Bin Ladin didn’t win.
Why would he care if America oppresses its citizens and residents? Bin Ladin wanted the US to stay out of the Middle East. I can’t think of any way of interpreting that he achieved those goals.
Bin Ladin is an excuse for our oligarchs to do what they want. Look at the pattern. There’s always a bad-guy of the week. Castro, Kim Il Sung, Ho Chi Minh, Kohmeni, Sadam, Bin Ladin, Sadam, Kim Jong Il…
Bin Ladin didn’t win.
We’re going to war and fighting for the right to control who taps Iraq’s oil fields. We’re hated by folks in the Middle East for many reasons, some are even not our fault. However, one could hardly claim that we’ve acted in a responsible fashion there over the past 50 years.
In Kuwait, less that 50% of the residents are citizens, and of those, less than 10% can vote. In Saudi Arabia, women are beaten, the Saud family props up radical Islamic clerics (who are anti-US) in order to maintain their own legitimacy.
Sure, Sadam should be deposed. But why do we care about Iraq and turn a blind eye to King Fahd of Saudi Arabia and the Saad family of Kuwait? What about genocide in Rwanda. Oh, no immediate profit in changing those regimes.

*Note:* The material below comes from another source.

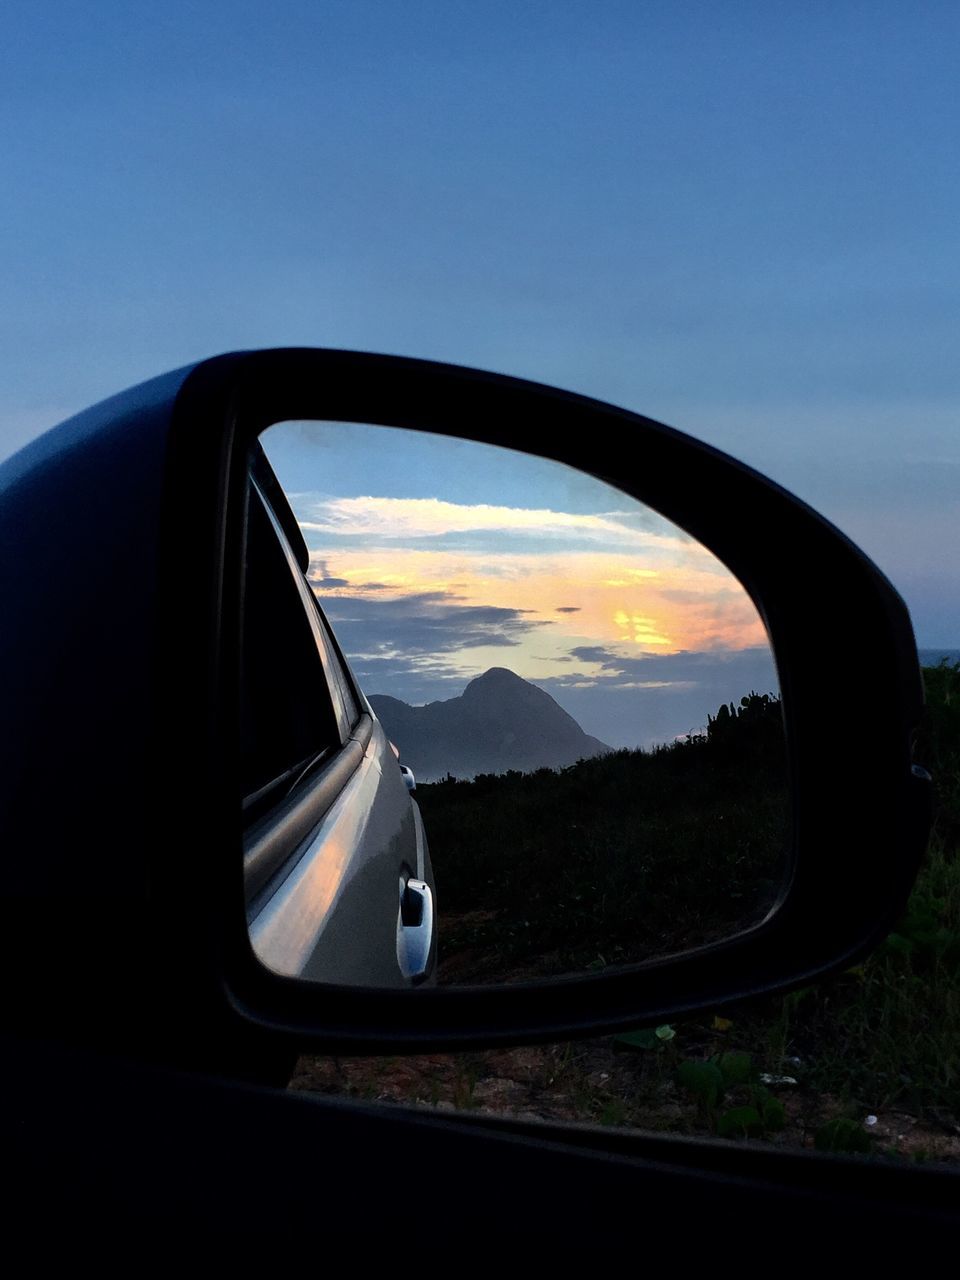 car, sky, transportation, sunset, no people, road, side-view mirror, outdoors, mountain, close-up, vehicle mirror, day
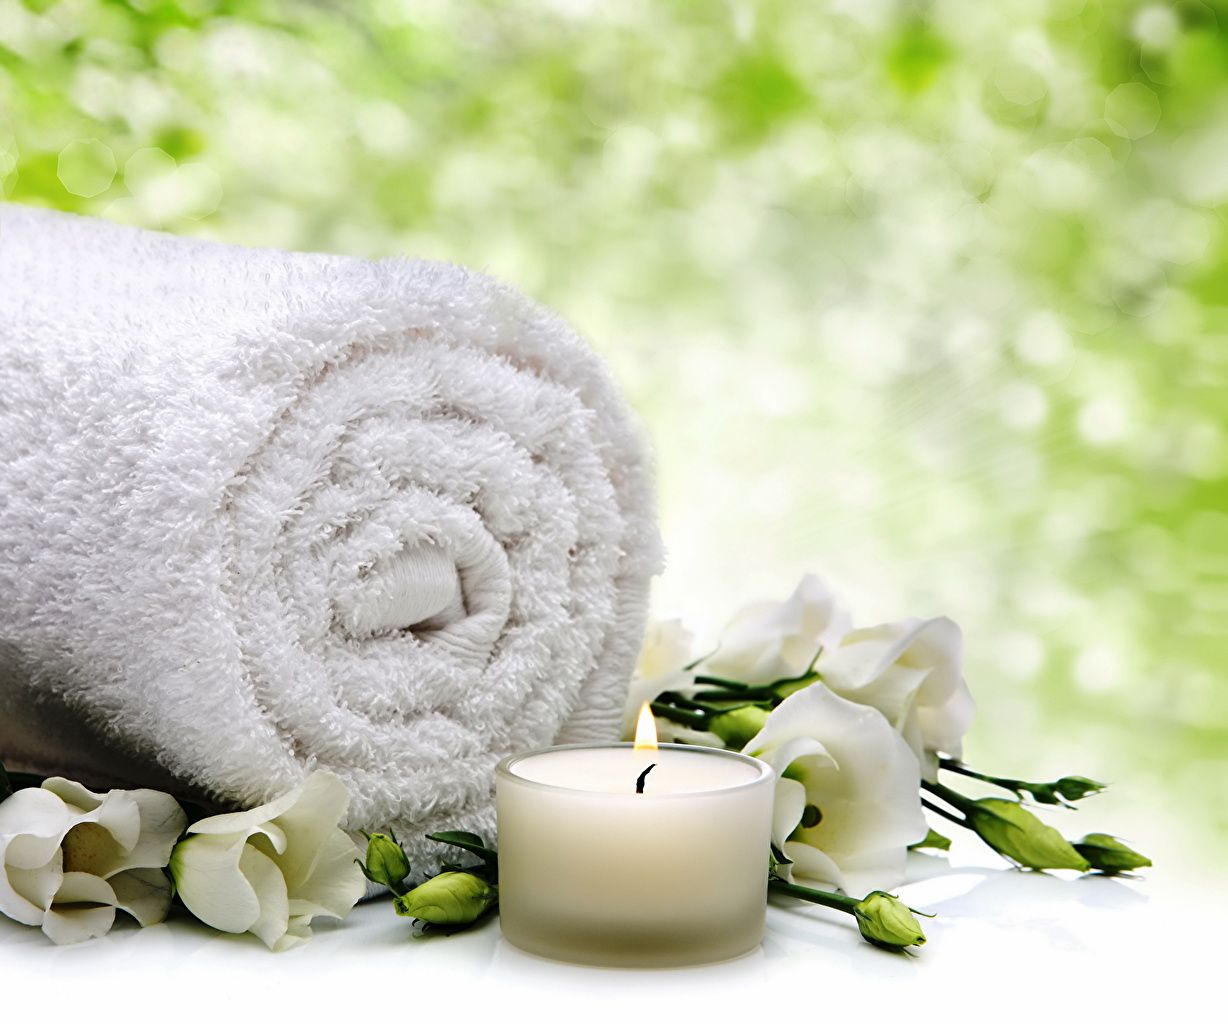 Image Spa relax, bath towel Towel Candles

At my company, we made it clear that our mission was to enhance long term shareholder value. When you look at the big picture, you aren’t tempted to play smoke and mirror games to inflate profit reports, you don’t screw customers, you don’t screw suppliers, you invest for the future and build a healthy franchise.
How many people remember that Ho and Castro were both originally pro-US and came to the US for help? Ditto the democratic factions in Iran who opposed the Shah. What would have happened if we had supported them in their bid to replace their corrupt governments with ones more like the ideal we aspire towards ourselves?
Bin Ladin didn’t win.
Do you think we are making progress towards our own democratic ideals with totalitarianism at home and abroad? Why shouldn’t we have foreign and domestic policies that invest in long-term shareholder value?
Pilots talk about civil rights all the time. We’re mostly a bunch of conservative, libertarian, old white men.
Let’s talk about civic duty instead.
“Governments are instituted among Men, deriving their just powers from the consent of the governed, --That whenever any Form of Government becomes destructive of these ends, it is the Right of the People to alter or to abolish it, and to institute new Government, laying its foundation on such principles and organizing its powers in such form, as to them shall seem most likely to effect their Safety and Happiness. Prudence, indeed, will dictate that Governments long established should not be changed for light and transient causes; and accordingly all experience hath shewn, that mankind are more disposed to suffer, while evils are sufferable, than to right themselves by abolishing the forms to which they are accustomed. But when a long train of abuses and usurpations, pursuing invariably the same Object evinces a design to reduce them under absolute Despotism, it is their right, it is their duty, to throw off such Government, and to provide new Guards for their future security.”
That paragraph was written by a group of anti-British terrorists in 1776.
Whether through dissent, civil disobedience, elections, infiltration, public embarassment, or armed insurgency, we have a right to choose our government and alter it as necessary.
Bin Ladin didn’t win.
Lockheed won.
Haliburton won.
Chevron won.
British Petroleum won.
We lost.
Get involved. Be an instrument of change.